[RFC] [WIP] tevent/glib integration

Tue Jan 26 10:34:51 UTC 2016

Hi Ralph
On 26/01/16 08:05, Ralph Boehme wrote:
> Hi Noel,
>
> On Mon, Jan 25, 2016 at 07:07:41PM +0000, Noel Power wrote:
[...]
>> But doesn't it still suffer from the same problem of being throttled by
>> tevent(s) one event processed per loop iteration policy?
>> e.g. it depends on either a timer or one of the glib fd(s) (with
>> available events) being monitored to fire, but any number of ready
>> non-glib related timers or fds could be queued for processing before and
>> in the s3 case a tevent_fd that fires is put to the back of the list
>> after firing :/.
> timer, immediate and signal events are rare compared to fd events, so
> I wouldn't worry about those.
>
> fd event sources are maintained in a list in tevent. When checking
> pending fd events the list is walked from the start and the first
> pending event source is processed and then migrated to the end of the
> list. This prevents us from a single fd starving other event sources.
I understood that but it is for precisely this reason that I think in a
busy server with many clients hitting it that the glib fd (or the epoll
fd) could be shifted as you describe & not get fired for many iterations
>
> And when one of the glib fds is active, we process all pending glibs
sure, as it should be otherwise there is a further throttling
> *and* we keep polling the g_main_context until the returned timeout is
> greater then 0 and g_main_context_check() returns false.
like I mentioned that worries me, it's not what glib does itself (iirc
it wasn't what 'g_main_context_iteration' in whatever glib source
version I looked at back a couple of weeks ago) and it is not the way it
seems to suggest the steps for integrating an external loop should work,
I would be very wary of depending on using the glib api in such a  way,
I would expect such event loop processing code to be very sensitive to
how it is used (and using it in an unexpected way might work now, might
not work later or may introduce some bad behaviour in some scenarios)
either way there is a risk for the rug being pulled. It's even possible
that you might favour glib unfairly against tevent by looping many times
per outer tevent loop. I guess I should step back and stop harping on
now  I feel that I am just continually putting negative opinions and
that isn't my intention at all and that just makes me feel bad that is
the extent of my contribution

>
>> So I still fear it could quite easily take quite a few
>> tevent_loop iterations (and that situation worsening as more & more
>> normal events & timers are added by a samba process) before available
>> glib events will get processed and the glib context released, granted
>> when it does get processed it does process *all* glib events which is a
>> significant improvement.
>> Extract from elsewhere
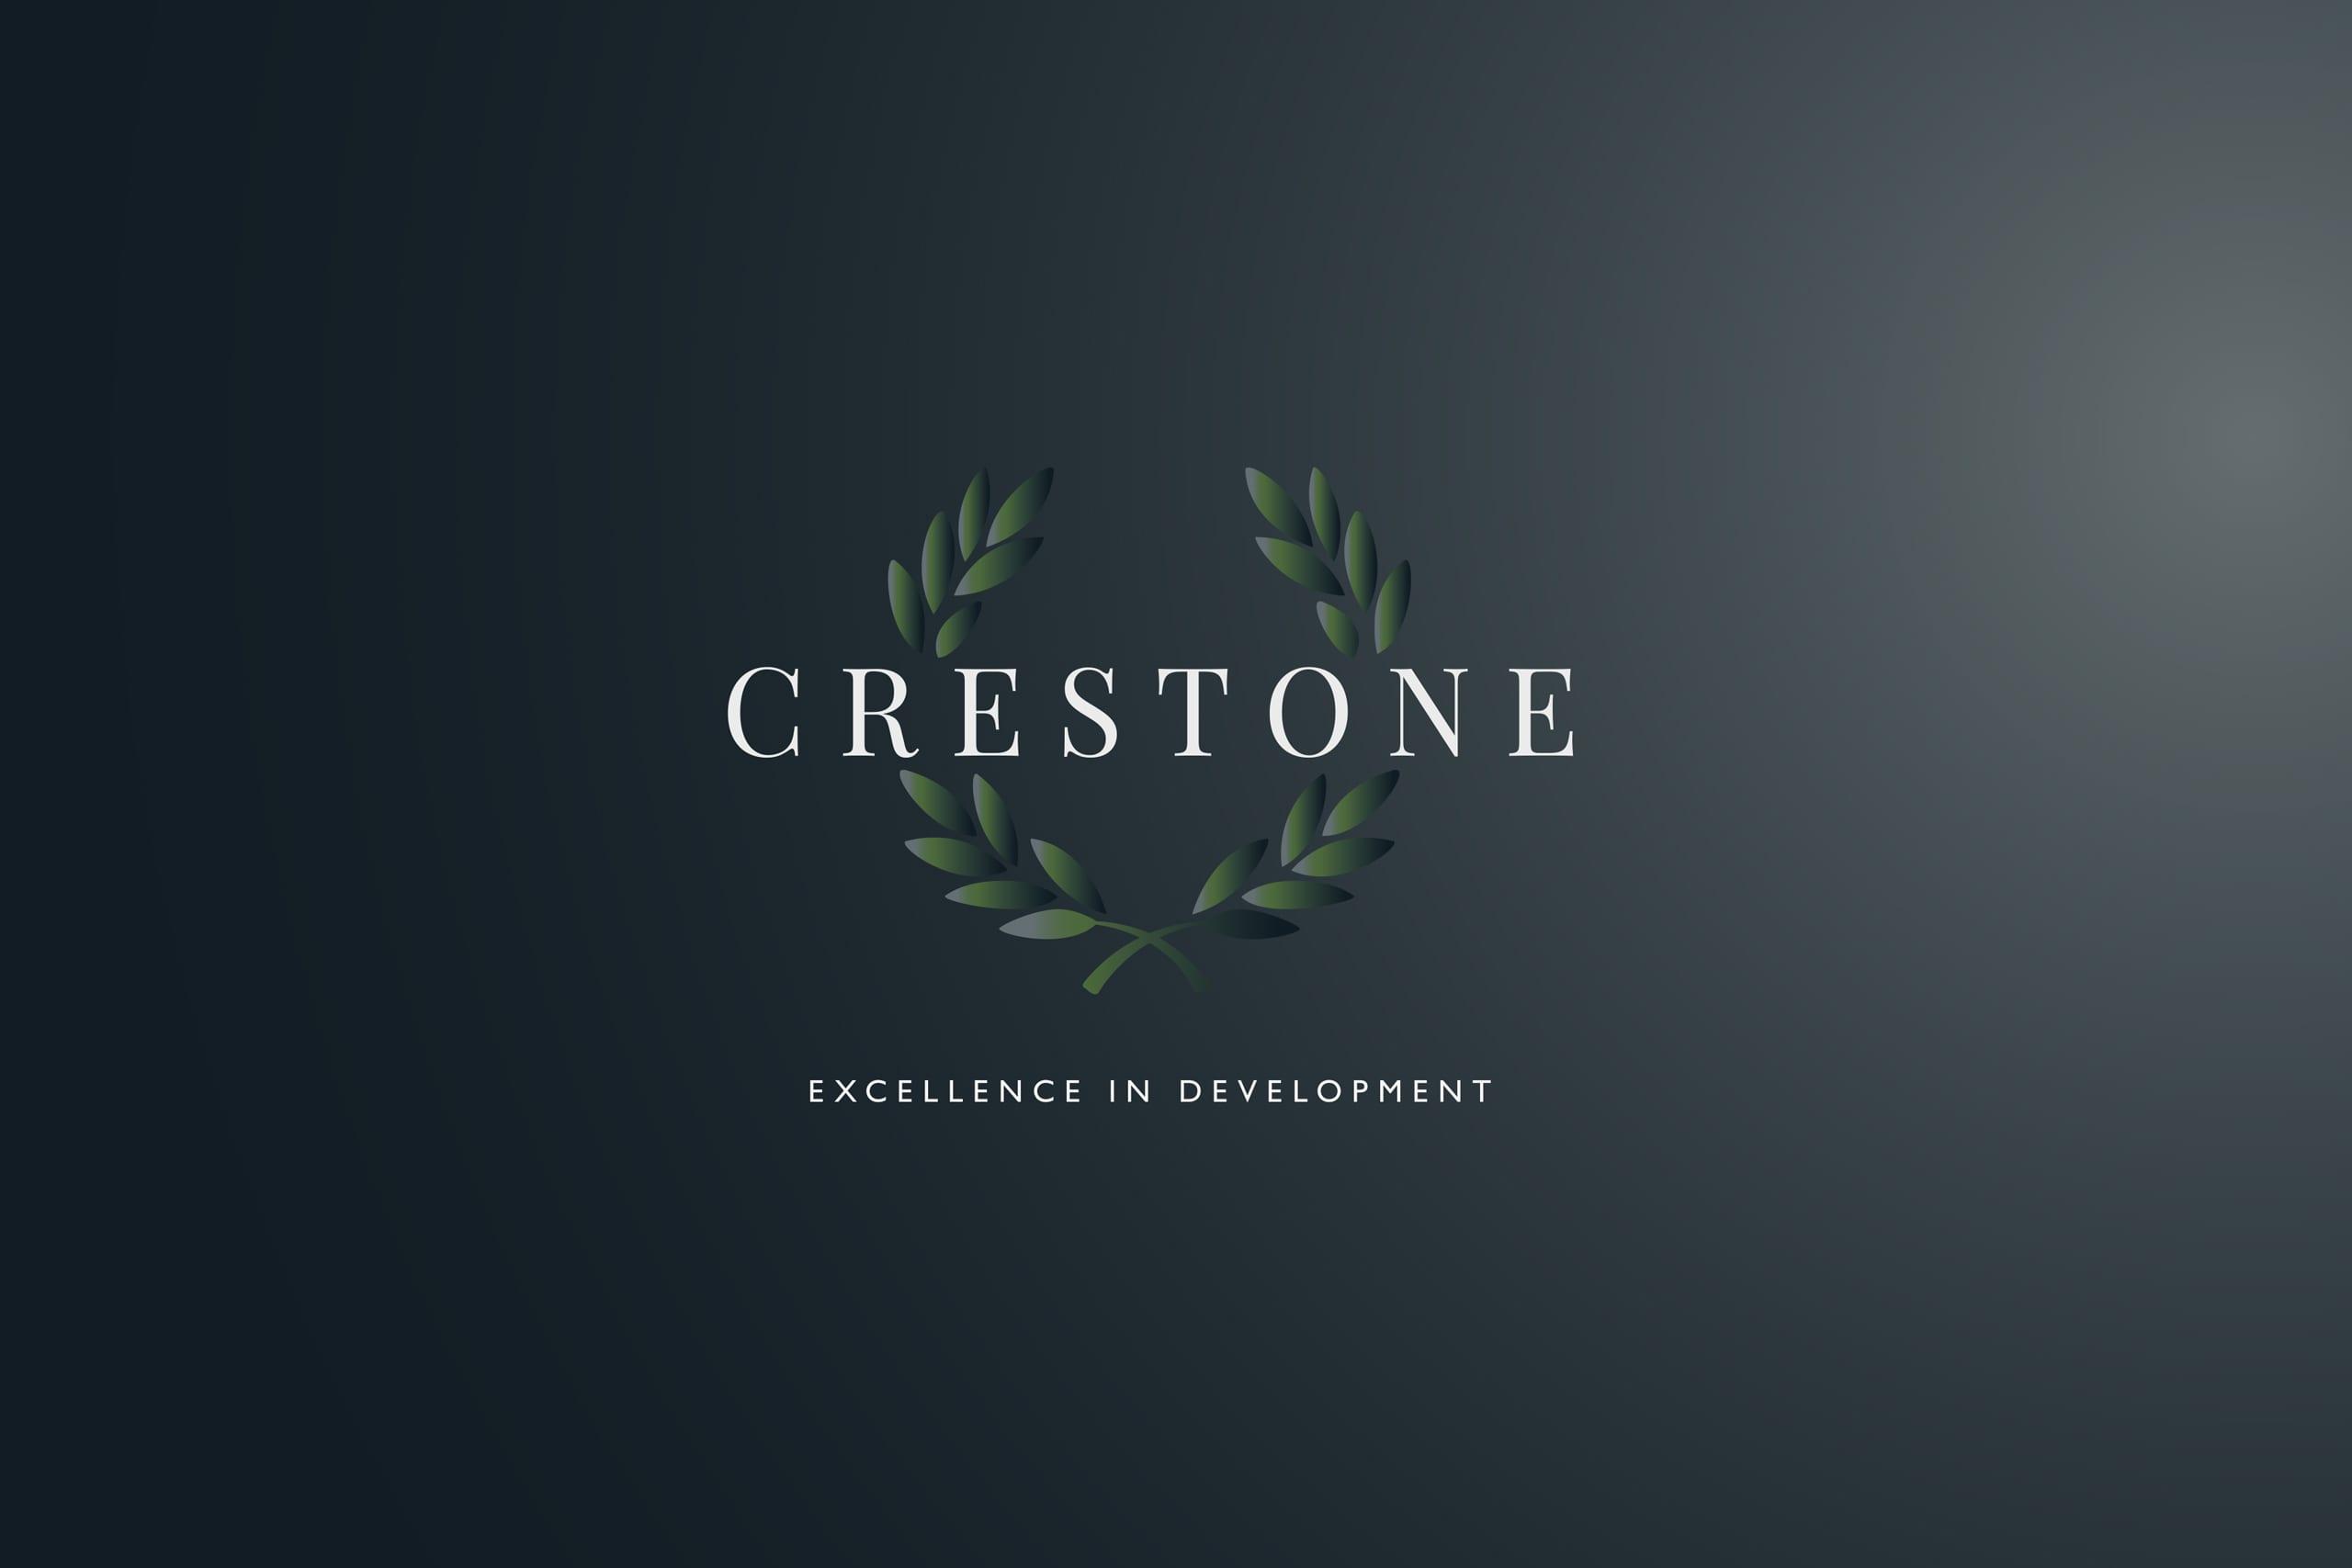 Crestone identity

Presumably this would be the same with the
>> extra epoll source tacked on.  I don't know :/ in a busy smbd process
>> for example glib won't afaics get a fair slice of the action,
> I'm quite confident it well for the reasons described above and I'm
> willing to test-drive it with the Spotlight RPC server. :)
is that a single client per rpc instance model ? if so yeah, might work
well, at the moment my own use case (at the moment) is a single daemon
where there could be many simultaneous clients [...]
>> well, I guess source3/lib is where I would have started because of
>> spotlight (and my toy), but when you will use your approach above you
>> won't need to do anything with s3
> This was more about whether tevent upstream (yuck, that's us :)) is
> willing to include this new feature in tevent or whether we maintain
> it outside. I think it's a nice addition to tevent so it would be nice
> to have it in, but maybe we want to give it some time and testing
> outside before including it.
well locking down api is always best deferred until some run in period
has passed

[...]
>   >- run g_main_context_check/g_main_context_dispatch in a loop until
> g_main_context_check returns false'
>
> that sounds suspiciously like you are artificially tweaking the priority
> (in other word the priority passed into g_main_context_check probably
> determines whether an event source is marked as ready for dispatch or
> not) if that is the case I'd say you are playing with fire,  I bet
> without the change above the performance sucks ?
> no it doesn't suck, it just takes three times as long.
well that sounds like it sucks to me :-)
>
> The plan was to fix this short circuiting anyway, by calling the
> tevent_glib_prepare(). I've updated the branch with this change, it
> now takes twice as long as native glib (~0.8 ms compared to ~0.4 ms on
> my system where the tracker SPARQL query got ~220 results).
>
do I get you correctly that you intend to changed the

    do {
        gok = g_main_context_check(...)
    } while(true);


it's just with the updated branch I don't see such a change


Noel